T-Mobile, the fourth-largest wireless company in the United States, needs a buyer, not a partner. However, the chances that a buyer will materialized are unlikely, and even parent Deutsche Telekom admits it. DT’s CEO Rene Obermann said at a shareholders meeting, “Of course we continue to look for a long-term solution to improve earnings in our U.S. business. However, a complete sale like the one to AT&T is considered unlikely.”
DT lost $39 billion when federal officials killed a deal for AT&T (NYSE: T) to buy T-Mobile. The German company stepped away with a $4 billion break-up fee. That is not nearly enough to maintain and build the infrastructure T-Mobile needs to compete in new 4G technology. T-Mobile also has nothing close to the marketing money AT&T and Verizon Wireless have. Neither does T-Mobile have the Apple (NASDAQ: AAPL) iPhone — the greatest customer magnet in the industry.

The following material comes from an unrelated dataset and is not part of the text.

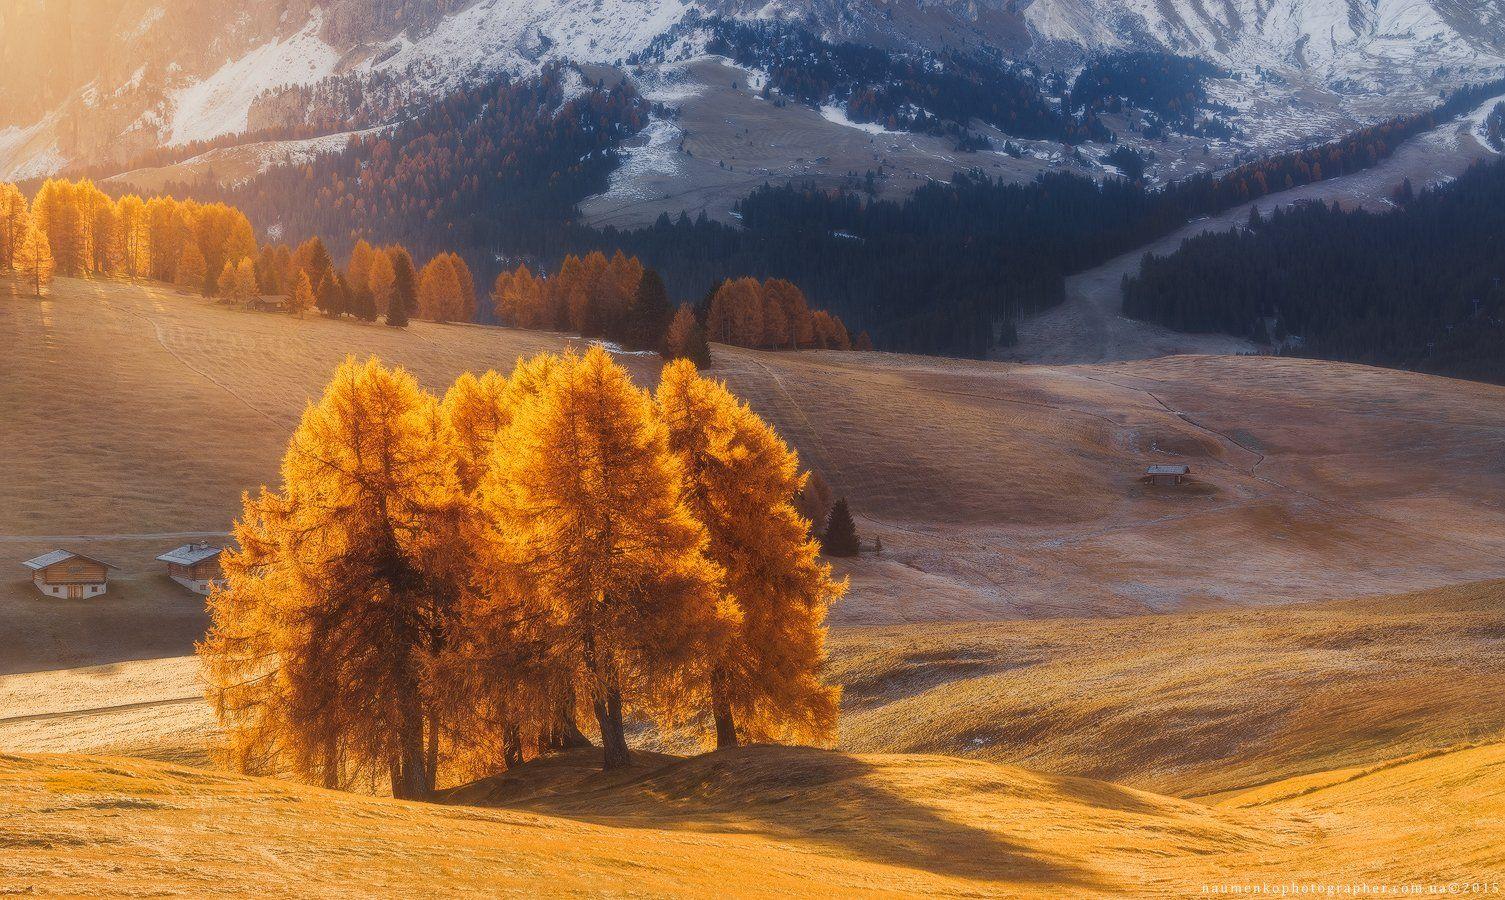 горы,доломиты,италия,лиственница,осень,панорама,свет,утро,alpe di siusi, Александр Науменко

DT has access to capital to pump billions of dollars into T-Mobile, but it will not. T-Mobile has only 35 million subscribers. Fourth place in the market is not attractive, especially when even the third place company — Sprint-Nextel (NYSE: S) — is struggling with losses and subscriber attrition. AT&T and Verizon (NYSE: VZ) are too big and have too much market share to be challenged. And the wireless subscriber level in the U.S. is nearly 300 million. In other words, without a growing pie, the battle is over market share.
There is often speculation that Sprint and T-Mobile might combine. Yet, two weak companies cannot make a strong one. Sprint is also saddled with debt, and the infrastructures of the firms are not compatible.
T-Mobile has been orphaned by its own parent, and no company will risk picking it up.